The determining unit is specifically configured to determine a weight value corresponding to each candidate entity according to the word frequency information, and determine a second matching score corresponding to each candidate entity according to the weight value and the first matching score; and if the second matching score exceeds a first preset threshold, determining the candidate entity as the target candidate entity.

16. The apparatus according to claim 11, wherein the determining unit is specifically configured to:

17. The apparatus of claim 11, further comprising a training unit;

The acquisition unit is further used for acquiring a pre-training language model, the pre-training language model comprises a word embedding layer and a task layer, the word embedding layer is used for carrying out word vector representation on input corpus, and the task layer is used for completing a pre-training language task;

the training unit is specifically configured to train the pre-training language model according to the first corpus data, and update word embedding layer parameters of the pre-training language model;

the determining unit is further used for determining an entity disambiguation model to be trained according to the updated word embedding layer parameters of the pre-training language model;

the training unit is further configured to train the entity disambiguation model to be trained according to second corpus data, where the second corpus data includes an entity sample to be disambiguated and labeling information of the entity sample to be disambiguated; and when the training result meets the training condition, obtaining the entity disambiguation model.
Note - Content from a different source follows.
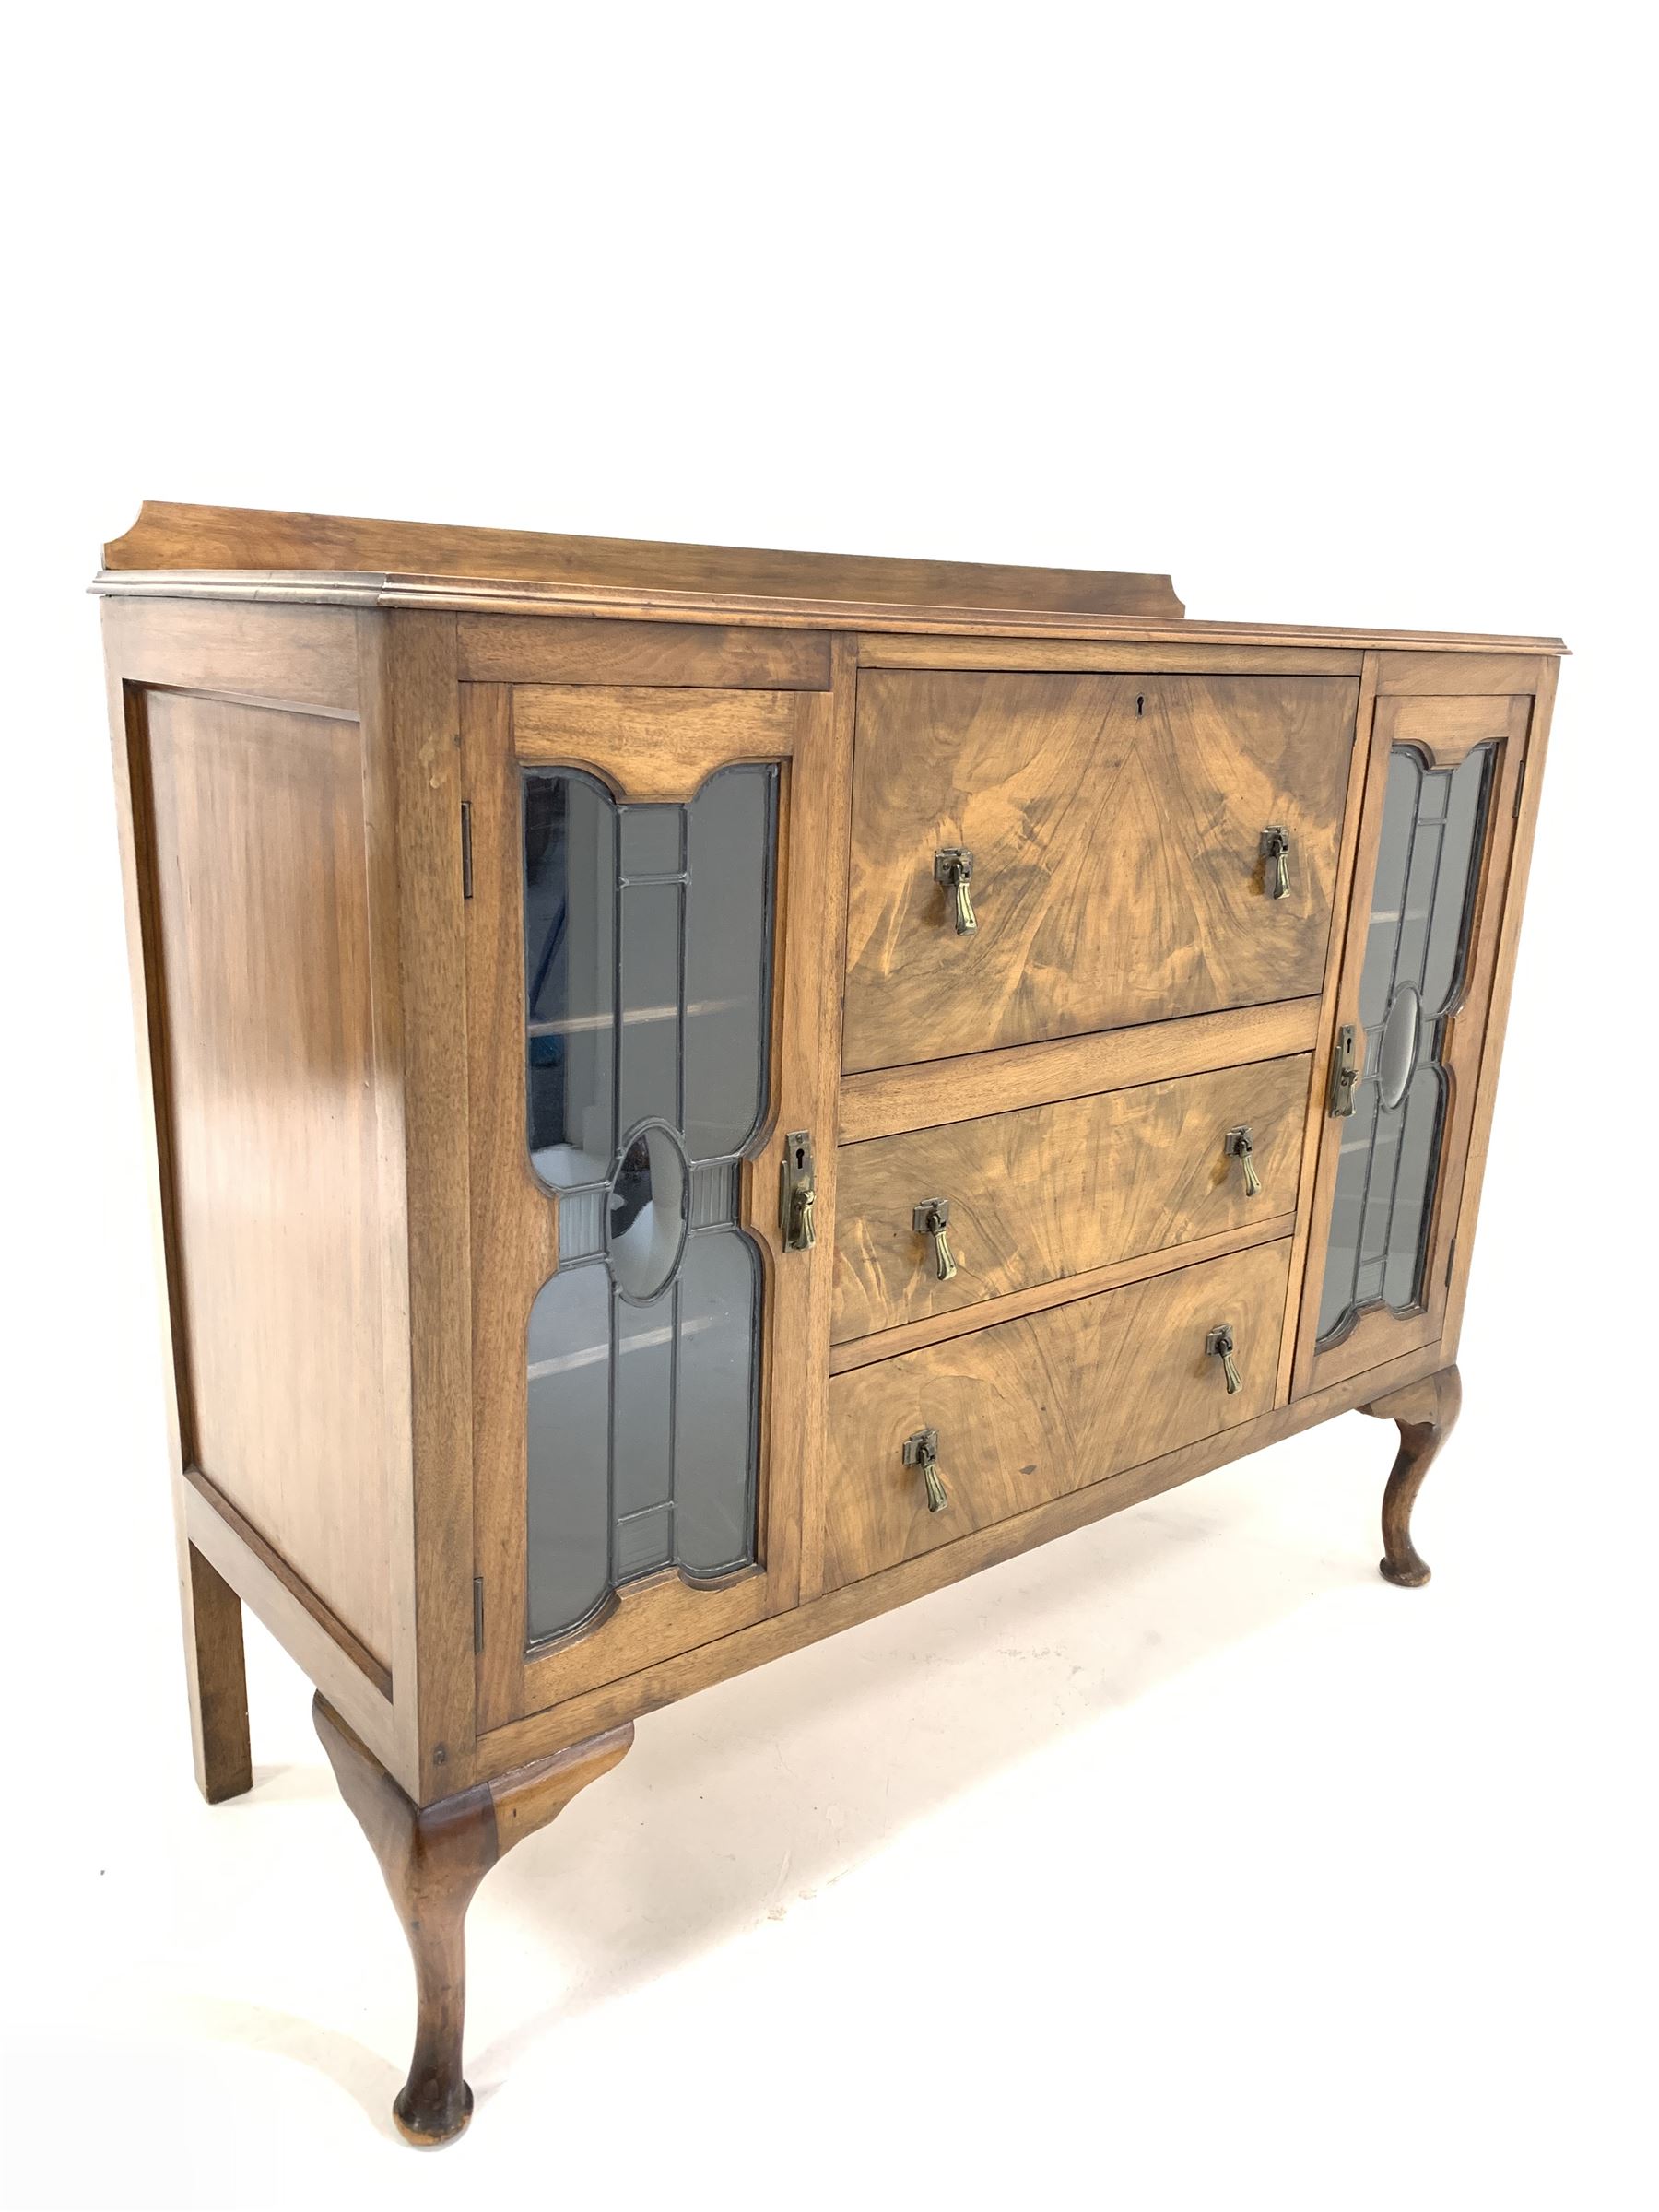 Early 20th century walnut bureau display cabinet - Image 3 of 4

18. The apparatus according to claim 17, wherein the obtaining unit is configured to obtain word embedding layer parameters of the updated pre-trained language model;

The determining unit is further configured to initialize parameters of a word embedding layer of the to-be-trained entity disambiguation model according to the updated word embedding layer parameters of the pre-training language model, where the to-be-trained entity disambiguation model includes a word embedding layer and a task layer, and the word embedding layer of the to-be-trained entity disambiguation model is the same as model parameters of the word embedding layer of the pre-training language model.

19. The apparatus according to any one of claims 11 to 18, wherein the determining unit is specifically configured to determine that the target candidate entity is the target entity if a disambiguation score between the entity to be linked and the target candidate entity exceeds a third preset threshold; and if the disambiguation scores between the entity to be linked and the target candidate entity do not exceed the third preset threshold, determining the target candidate entity with the highest disambiguation score as the target entity.

20. The apparatus of claim 11, further comprising a receiving unit;

the receiving unit is specifically used for receiving a text query instruction;

the acquisition unit is further used for acquiring a query text according to the text query instruction, wherein the query text is the text to be identified;

the determining unit is further used for determining at least one query result related to the query text according to the link entity; and feeding back the at least one query result.

21. A computer device, comprising: memory, transceiver, processor, and bus system;

wherein the memory is used for storing programs;

The processor being configured to execute a program in the memory to implement the method of any one of claims 1 to 10;

the bus system is used for connecting the memory and the processor so as to enable the memory and the processor to communicate.

22. A computer readable storage medium comprising instructions which, when run on a computer, cause the computer to perform the method of any one of claims 1 to 10.

23. A computer program product, characterized in that the computer program product comprises a program which, when run on a computer, causes the computer to perform the method according to any one of claims 1 to 10.